安保法制について(9月1日)

安全保障法制の議論が最終段階となった。まず、私は憲法9条については、改正する必要があるとの立場にある。その第一の理由は、自衛隊は9条2項の「戦力」にあたると考えるからである。

話題の砂川判決では、憲法9条2項の「戦力」とは、「わが国がその主体となってこれに指揮権、管理権を行使し得る戦力をいうもの」と、「結局わが国自体の戦力を指し」としている。アメリカ軍はこの「戦力」に該当しないので、日本に駐留していても、9条2項に違反しないとの趣旨である。

9条2項の戦力が「わが国自体の戦力」だとすれば、自衛隊は「戦力は、これを保持しない」に間違いなく抵触する。自衛隊の廃止がありえないとすれば、それを合憲とする憲法の改正が必要だとするのが、私の立場である。

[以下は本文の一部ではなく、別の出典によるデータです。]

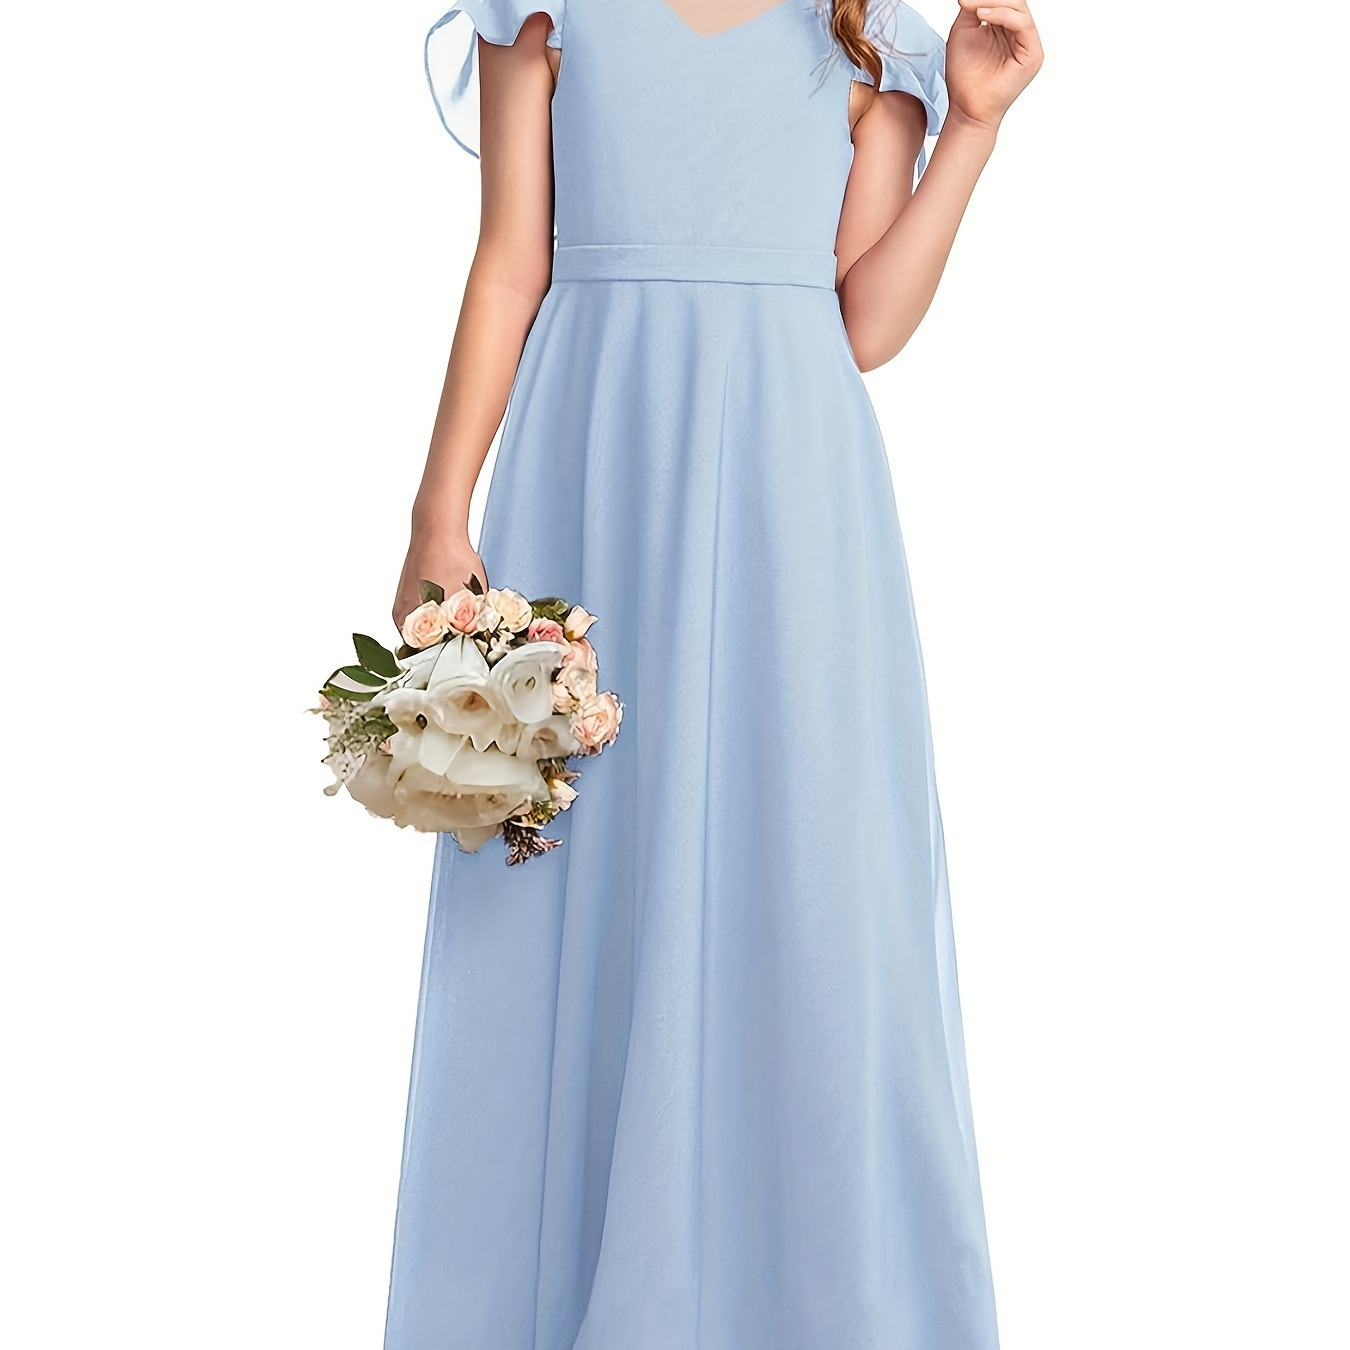 

Kids Junior Bridesmaid Dresses Chiffon Flower Girl Dress For Teen Girl Long Party Pageant Gowns

「個別的自衛権はある」との政府の解釈は、司法による判断を受けたものではない。司法は、自衛権は認めるが、自衛隊については判断を下していない。自衛権を他国の軍隊=アメリカ軍に依存することを認めただけである。

憲法学者の多くが「集団的自衛権」は憲法違反だと言う。しかし、まずは自衛隊による個別的自衛権が、合憲か否かの判断を示すべきだ。最高裁は、米軍による自衛を認めているだけだ。

政府が集団的自衛権を砂川判決が認めているというのは、誤り。日本という国家が自衛をアメリカに頼むことを集団的自衛としているだけであって、自衛隊という戦力が、アメリカ軍と共同行動することを指していないからである。

憲法9条をもち、前文で平和主義を掲げることで、「国際社会において、名誉ある地位を占めたいと思ふ。」とあるが、戦後70年を経て、名誉ある地位にあるのかどうか。平和憲法をもち、世界第三の経済力を持つ日本こそ国連の安保理の常任理事国にふさわしいのではないか。

しかし、常任理事国入りのメドはまったくたっていない。常任理事国は、第二次世界大戦の戦勝国であり、核保有国である。さらに言えば、中国、ロシアは、中華民国、ソ連からその地位を引き継ぐ正当性はないのに、常任理事国の地位にある。これが国際社会の現実である。

イラン核開発の交渉国。常任理事国の米、英、仏、露、中に加えてドイツの6カ国。日本はなぜここに入れないのか。イランと強い経済関係を持ち、平和憲法をもち、なにより、唯一の被爆国。やはり、「国際社会において名誉ある地位」は占められていないと「思ふ」。